The possible files for download are as follows:

Input files - (always present)

<request_code>_in: This file is the original, untouched file submitted to HAMAP-Scan.
<request_code>_map: This file provides a mapping of the original input sequences (via the FASTA header) to the accession numbers of the minimal entries in UniProtKB format.

Results files

<request_code>_all: This file contains all protein sequences submitted to HAMAP-Scan in the original order. Sequences are annotated with sufficient information to reconstitute a minimal entry in UniProtKB format. Protein sequences that have a trusted match to a HAMAP family profile are annotated by the associated HAMAP rule. Sequences with more than one trusted match are currently not annotated by any of the associated rules. The results (annotated and not-annotated sequences) are also available as separate files (see below).
<request_code>_trusted: This file contains all protein sequences that have a trusted match to a HAMAP family profile and that have been annotated by the HAMAP rule associated with it.
<request_code>_overlap: This file contains all protein sequences that have a trusted match to more than one HAMAP profile, and whose match regions overlap. Currently these sequences are not annotated by any of the associated rules. Matches (trusted and weak) to HAMAP family profiles are listed in the internal section of each entry.
<request_code>_fusion: This file contains all protein sequences with multiple, non-overlapping matches to HAMAP family profiles. Currently these sequences are not annotated by any of the associated rules. Matches (trusted and weak) to HAMAP family profiles are listed in the internal section of each entry.
<request_code>_no_match: This file contains all sequences with no trusted match to any HAMAP family profile. Weak matches to HAMAP family profiles (if available) are listed in the internal section of each entry.

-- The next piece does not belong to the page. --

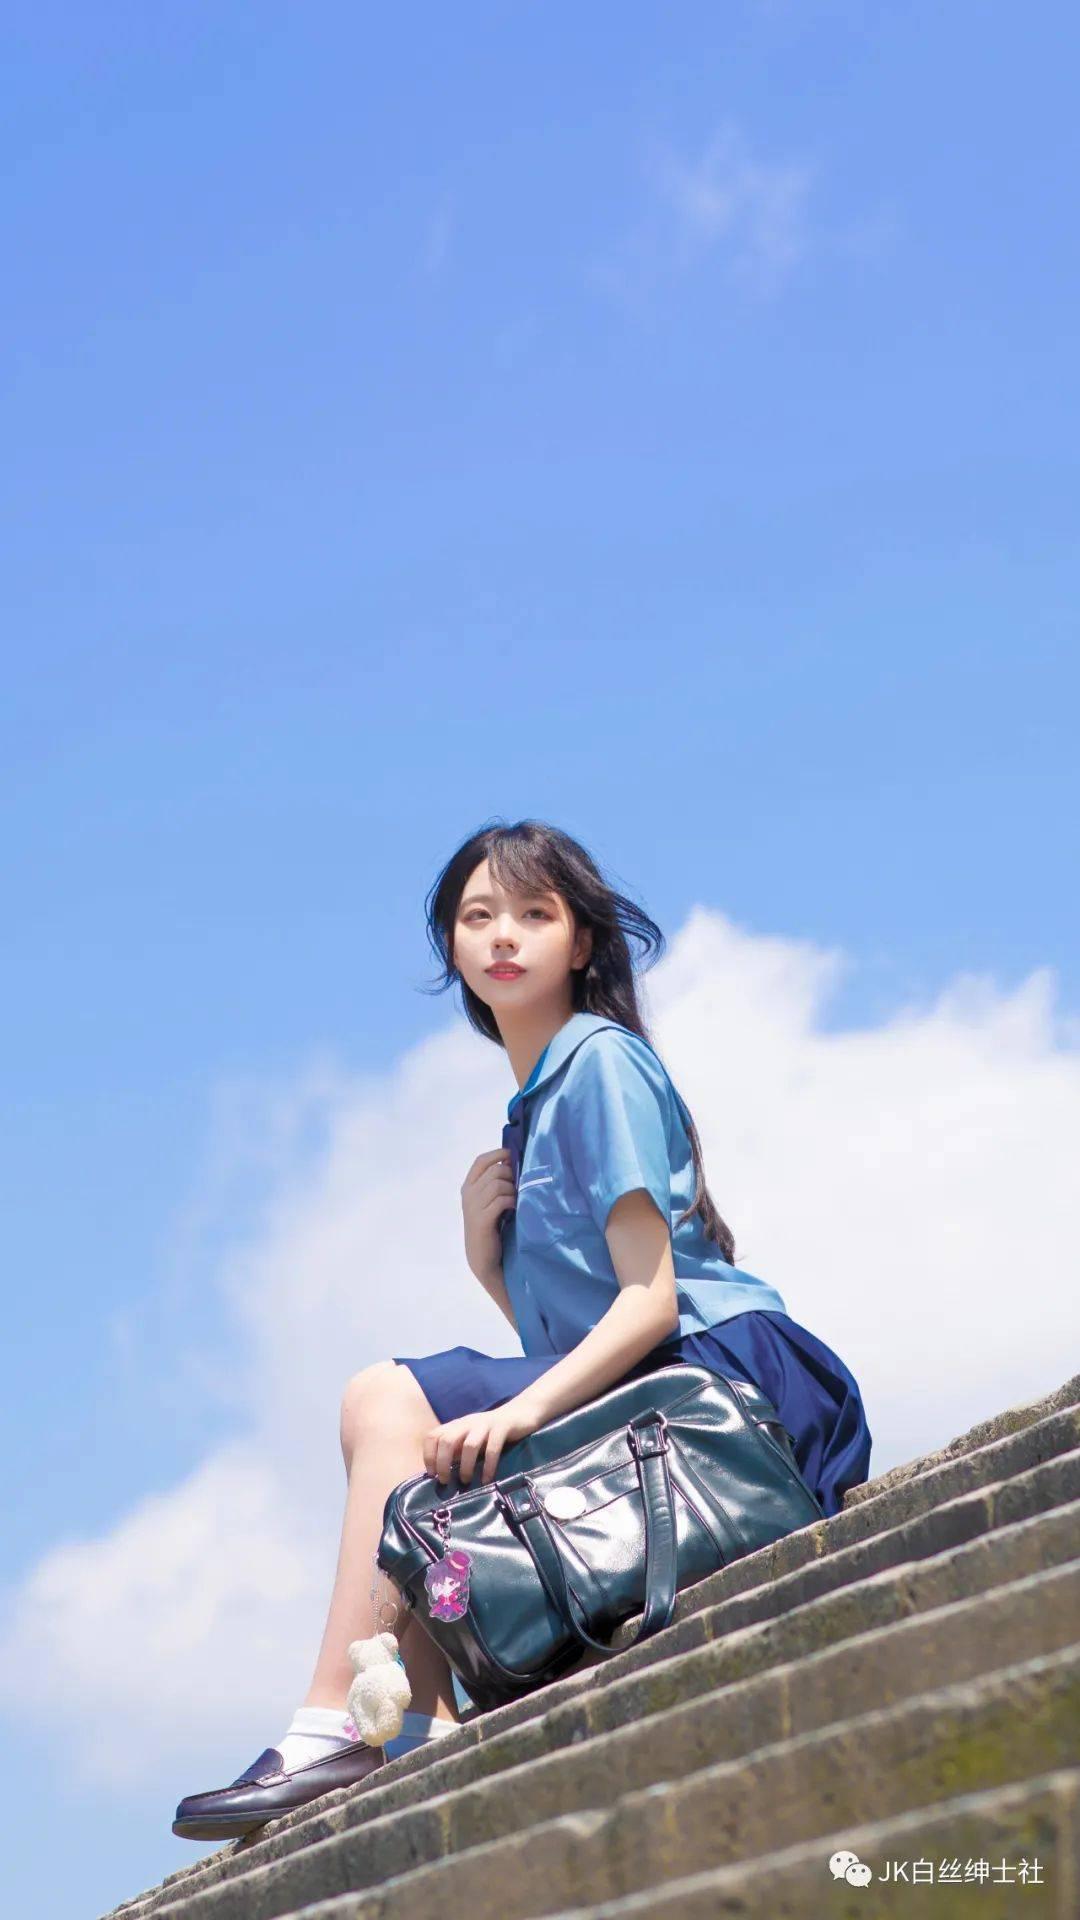 JK少女:码头阳光,还有回眸的她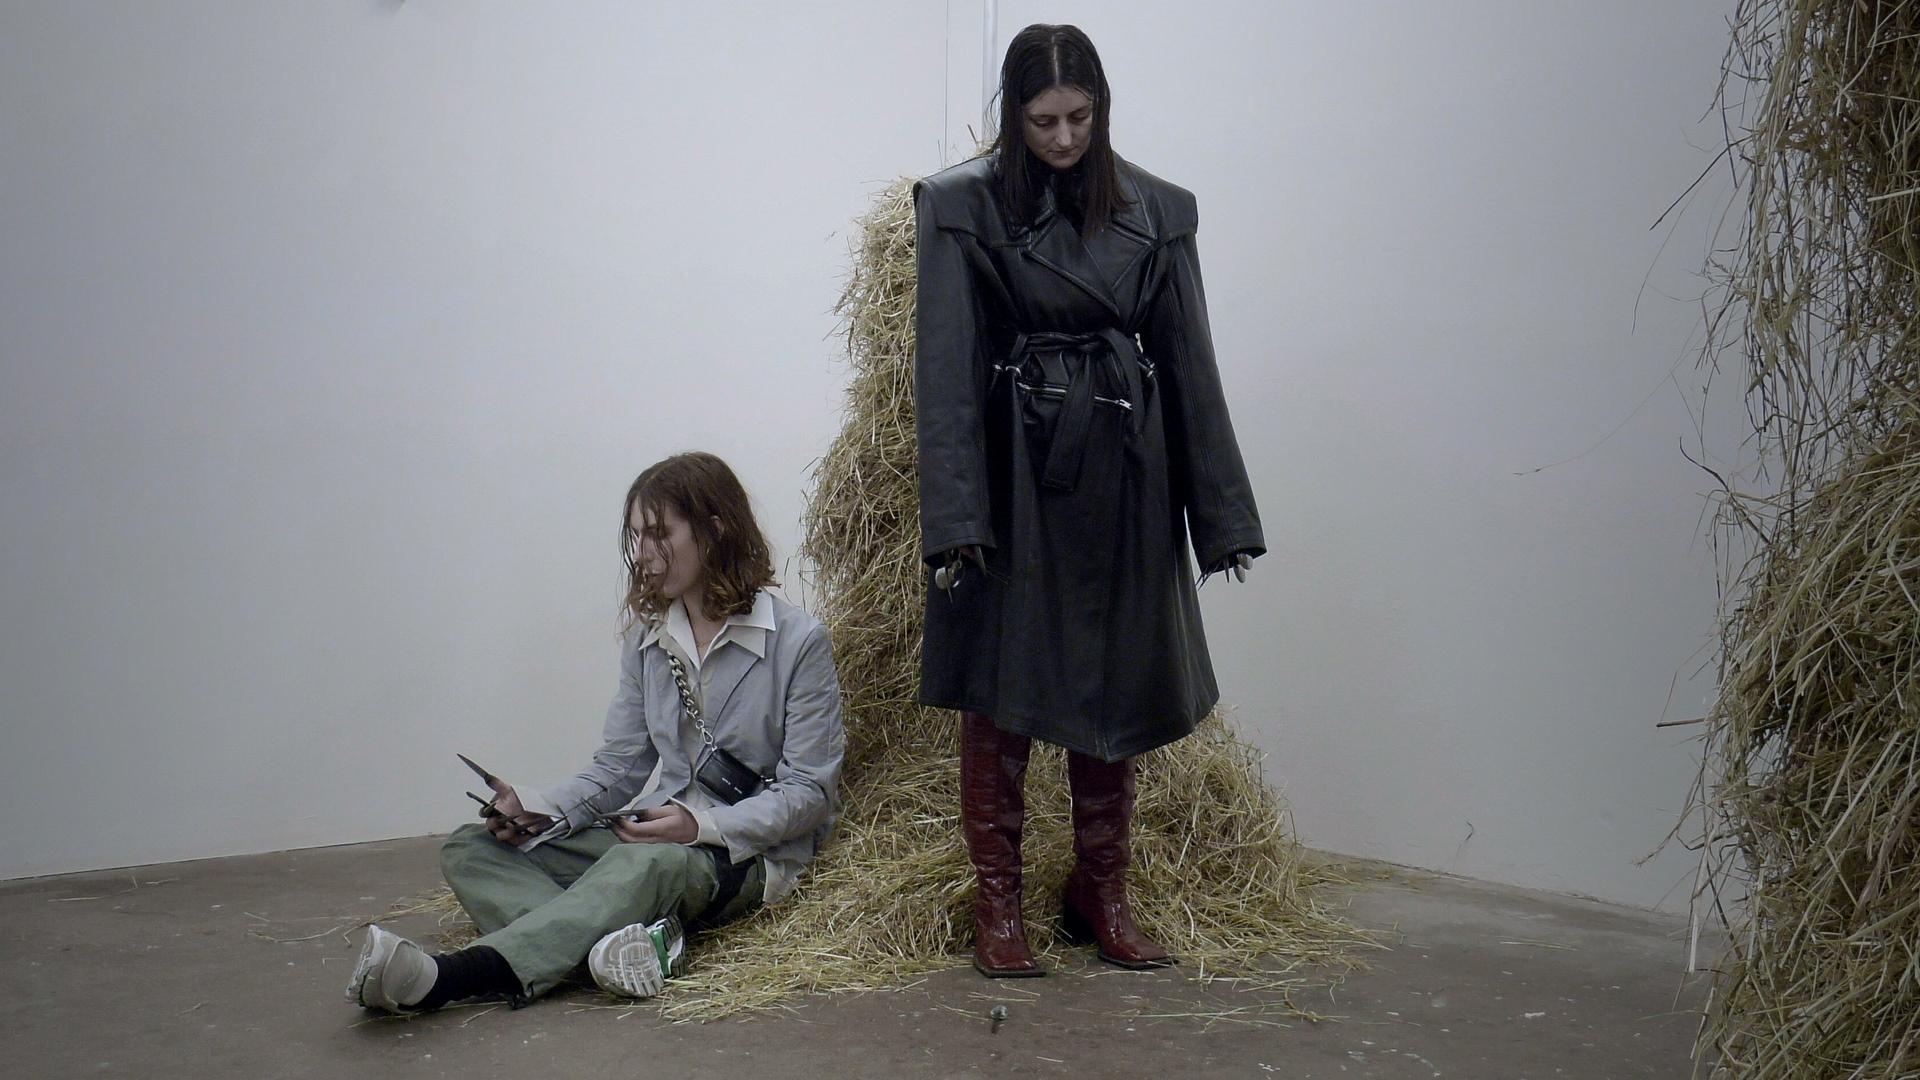 Dorota Gawęda and Eglė Kulbokaitė, Mouthless Part I, 2020. Video, 45:36

Note that the sequences annotated by HAMAP are returned in UniProtKB format. In addition to the annotations, our system generates a series of comments and warnings which are contained in an additional section - the 'internal' section - of each annotated entry. These lines are listed below:


            **HA Submitted Name: sp|B1AIC1|ATPA_UREP2

Taken from the FASTA header of the originally submitted sequence.
(present in all entries in all files)


            **HA FAM; Method MF_01346; ATPA; Trusted match; 47.061 (+12.1).


            **HA FAM; Method MF_00309; VATA; Weak match; 9.086 (-32.1).


            **HA FAM; Method MF_00310; VATB; Weak match; 17.265 (-27.2).


            **HA FAM; Method MF_01347; ATPB; Weak match; 14.251 (-29.7).

All matches to HAMAP family profiles are stored with one separate line for each match. Each line specifies the accession number of the matching profile, the identifier of the profile, the match quality (trusted or weak), and the match score (with the score difference to the trusted cutoff score of the profile in parenthesis).
(present in all entries matching a HAMAP family. May also be present in the '_no_match' file in entries having weak matches to (a) profile(s).)


            **HA SAM; Annotated by HAMAP 3.71.2; MF_01346.48; MF_01346; 08-OCT-2021 11:40:58.

This specifies which version of the HAMAP pipeline was used as well as the number and version of the rule, the accession number of the matching profile, and the time and date of the annotation.
(This line and all the following lines are currently only found in the '_trusted' file with entries annotated by a HAMAP annotation rule.)